Now, I have four things to do:

  1. Create the table
  2. Create an index
  3. Populate the existing enabled items
  4. Populate the existing closed items

I created the table with this script:


CREATE TABLE pona_notifications_sent
(
pns_task_id INTEGER UNIQUE NOT NULL,
pns_when_sent DATE NOT NULL

);

It's a simple table to minimize the performance impact. I needed at least a column to hold the task_id; I added a date/time column so I had a little diagnostic information if someone complained about missing e-mails.

This script created the index:


CREATE UNIQUE INDEX pona_notifications_sent_ndx01 ON pona_notifications_sent (pns_task_id);

If I didn't have this index, after the first couple hundred thousand e-mails, I'm pretty sure performance (at least for the e-mail application, and potentially for all of PostgreSQL -- table scans are evil!) would perform terribly.

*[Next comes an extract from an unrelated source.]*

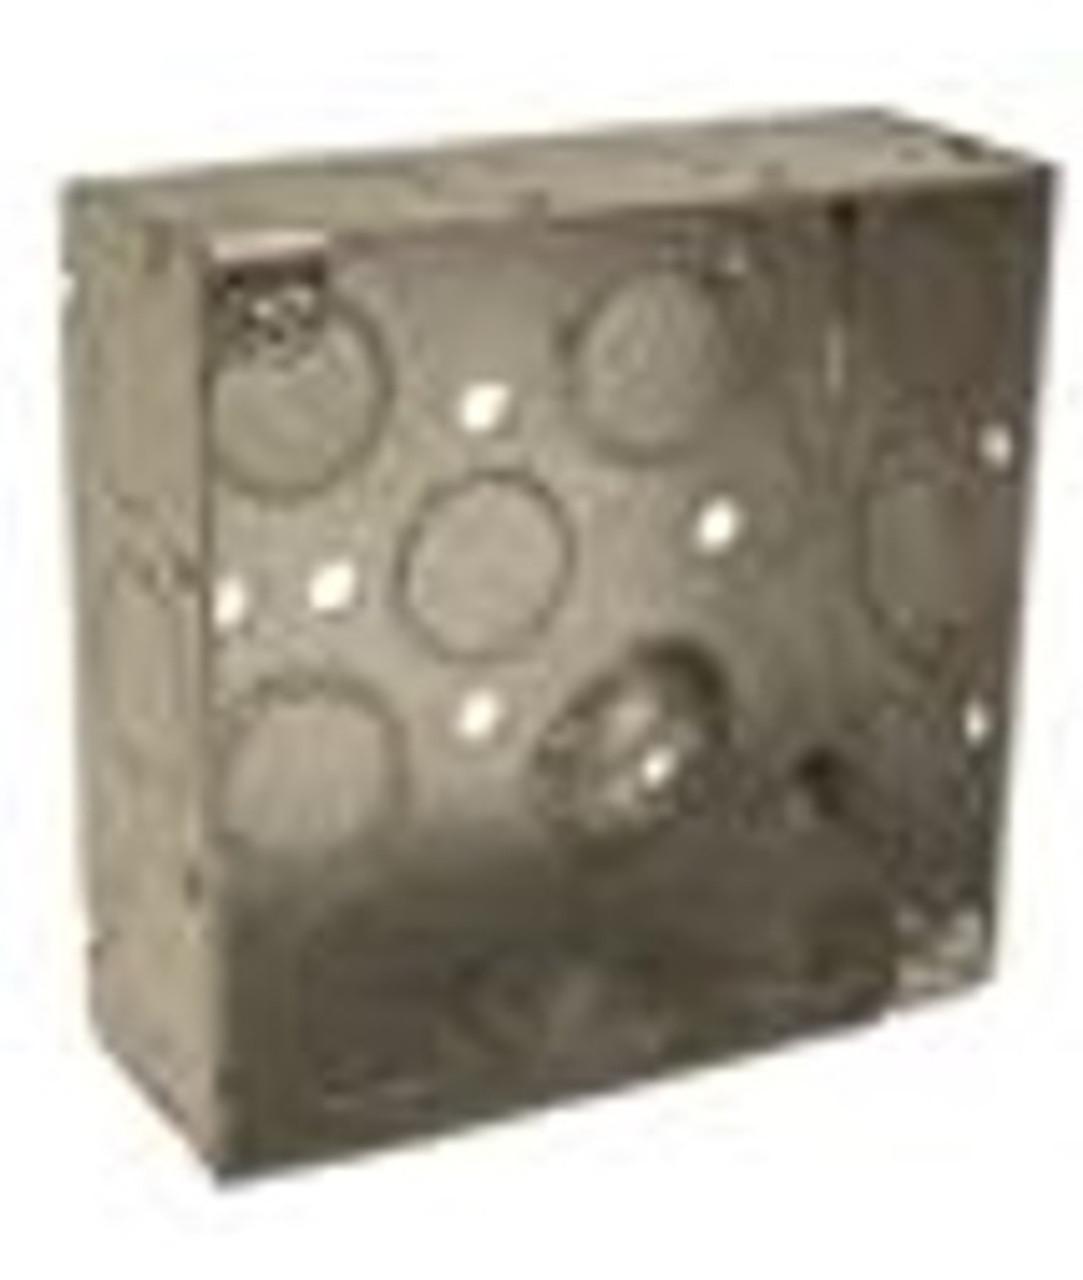 "SQUARE BOX 4"" x 2 1/8"" DEEP"
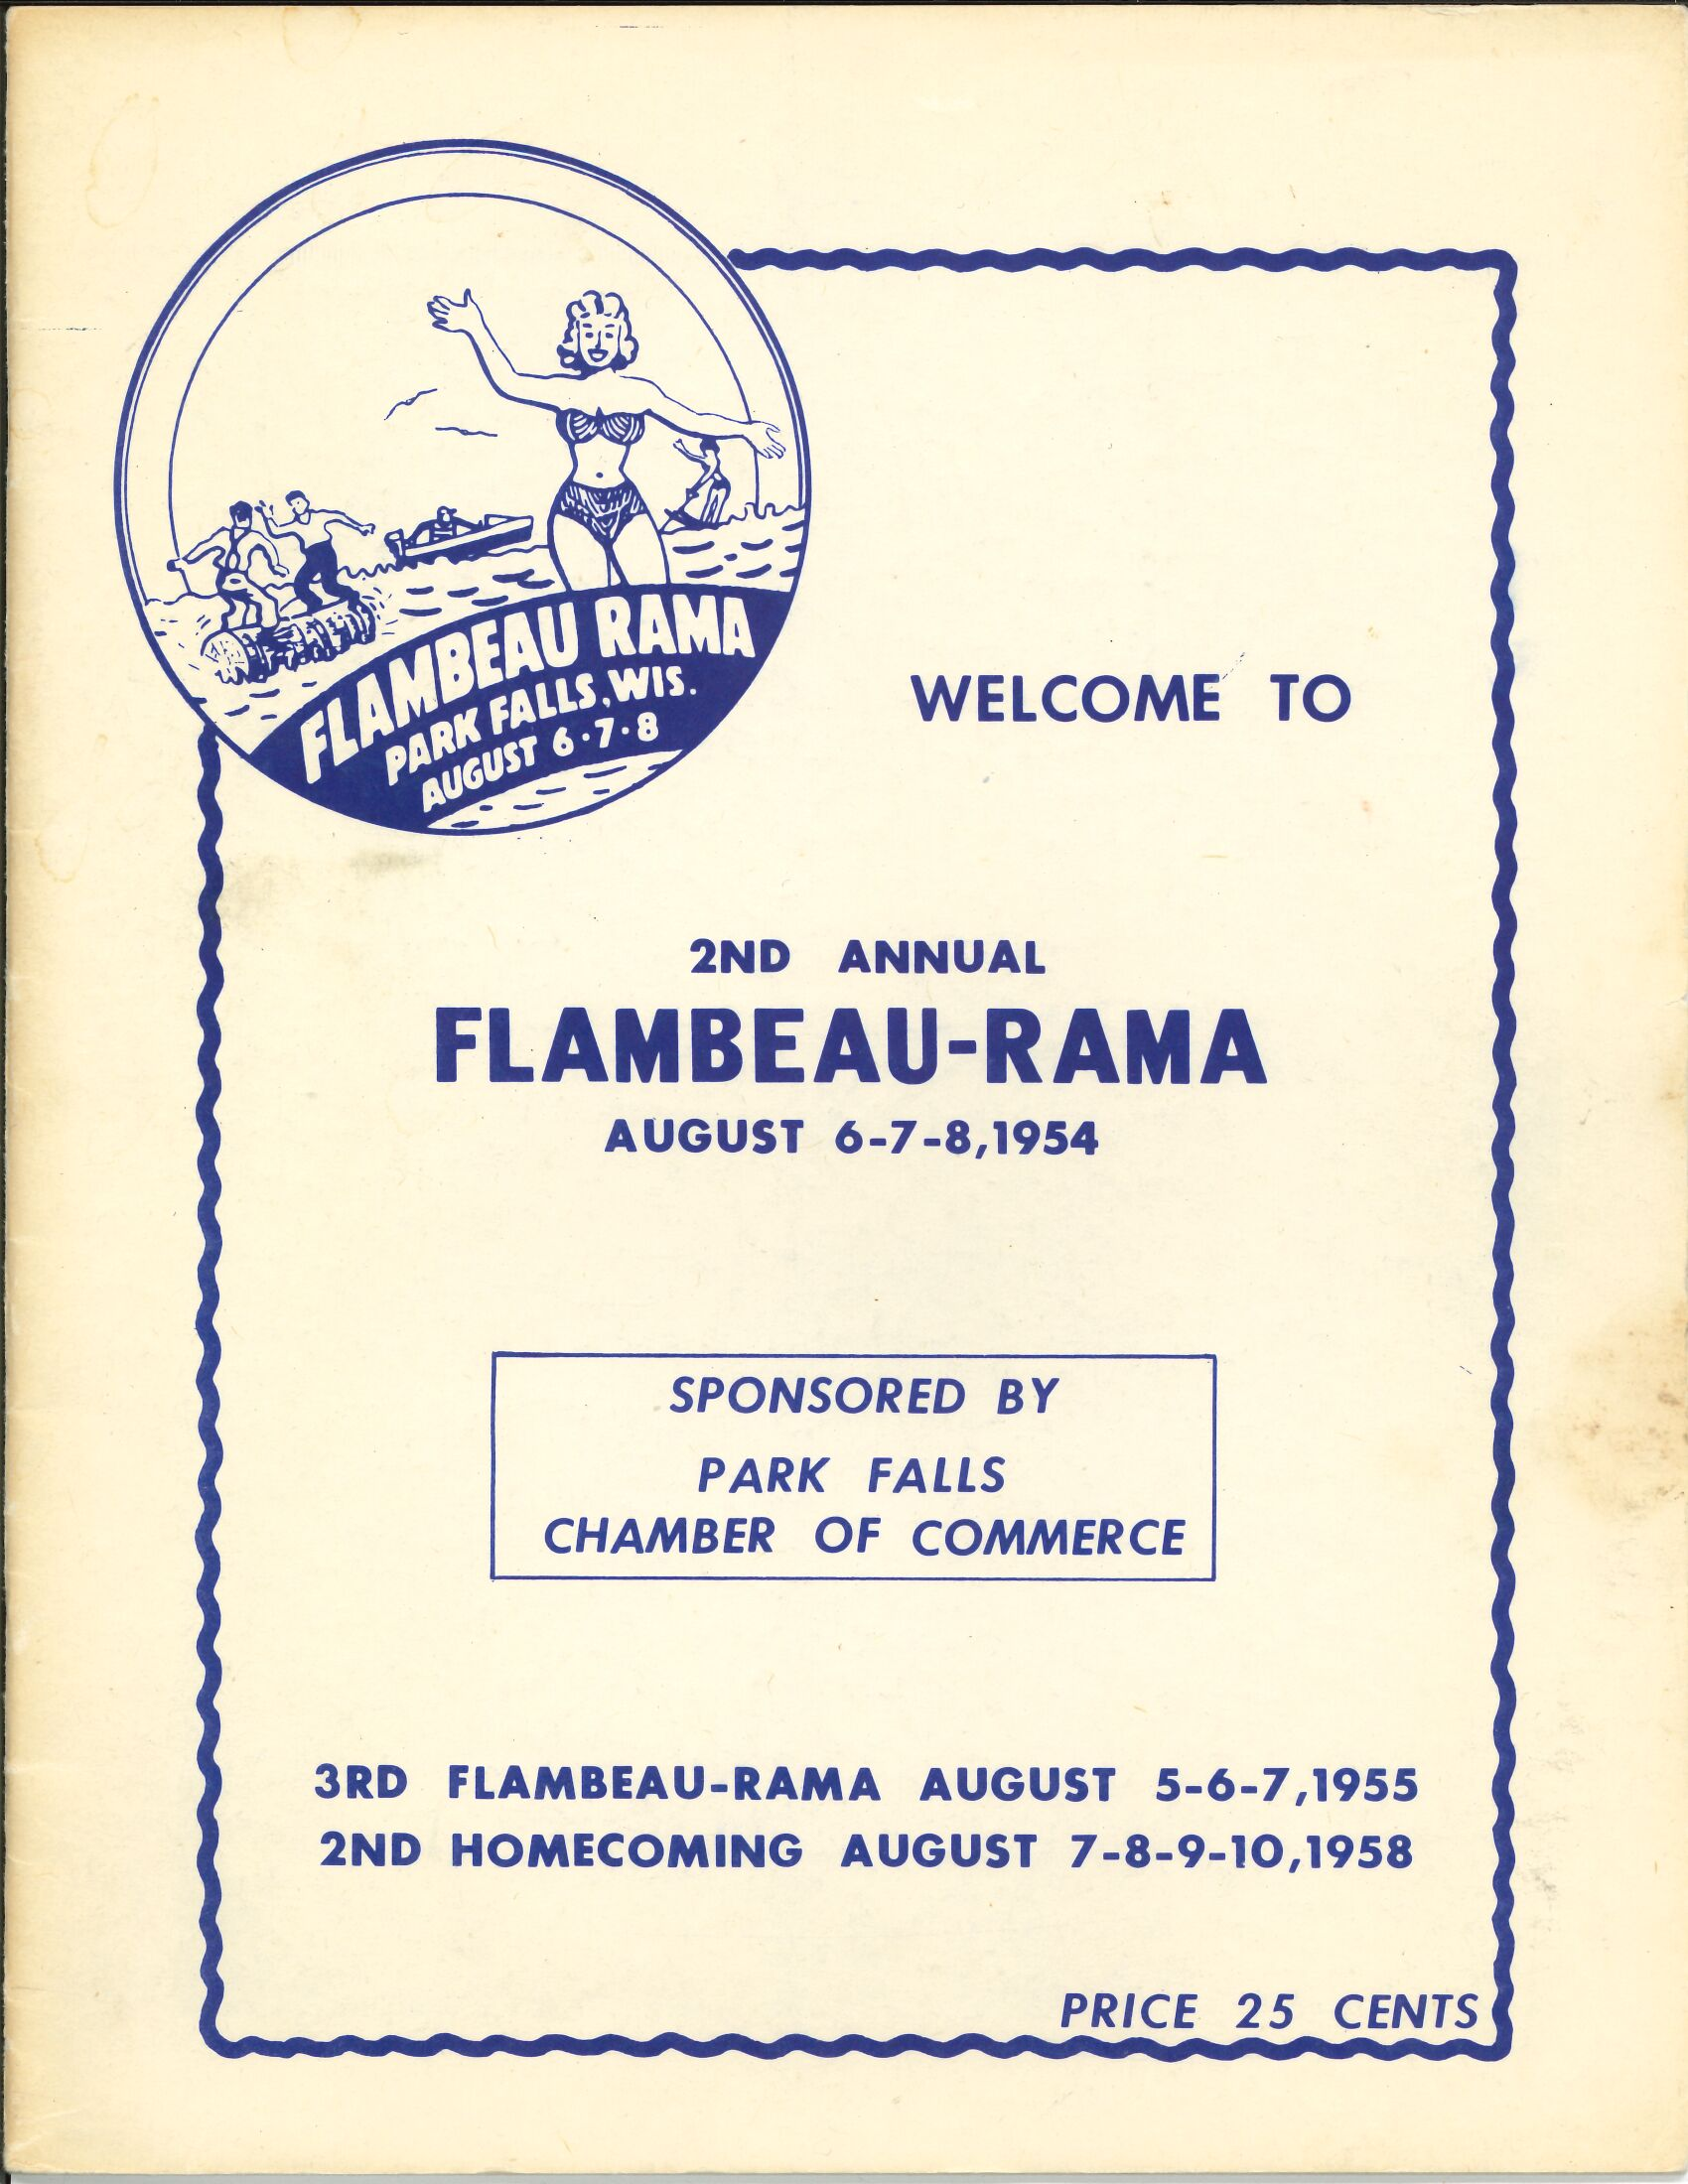 2nd Annual Flambeau Rama Guide 1958

I found out during my first round of Unit Integration Testing (UIT) that I have to first mark the existing workflow tasks and closed items as having been sent. Otherwise, I end up with several hundred e-mails in my test system! I used this query to populate the open workflow steps:


INSERT INTO pona_notifications_sent
SELECT a.task_id, NOW()
FROM wf_tasks a, wf_cases b
WHERE b.case_id = a.case_id
AND a.state = 'enabled';

Finally, I used this query to populate the closed workflow steps:


INSERT INTO pona_notifications_sent
SELECT a.task_id, NOW()
FROM wf_tasks a, wf_cases b
WHERE b.case_id = a.case_id
AND a.transition_key LIKE '%close%'
AND a.task_id NOT IN (SELECT pns_task_id FROM pona_notifications_sent);

I had to add the NOT IN clause because I found. much to my chagrin, that I didn't follow my own advice about better living through standards when I built my early workflows. Some of them had items with an "enabled" status AND a transition_key that contained the word "close". By fashioning the INSERT statement this way, I didn't try to insert a value that violated my unique key index.

At this point, I have all of the Data Manipulation Language (DML) to process e-mail notifications. In the next part of this series, I'll present the program that'll actually send the e-mails.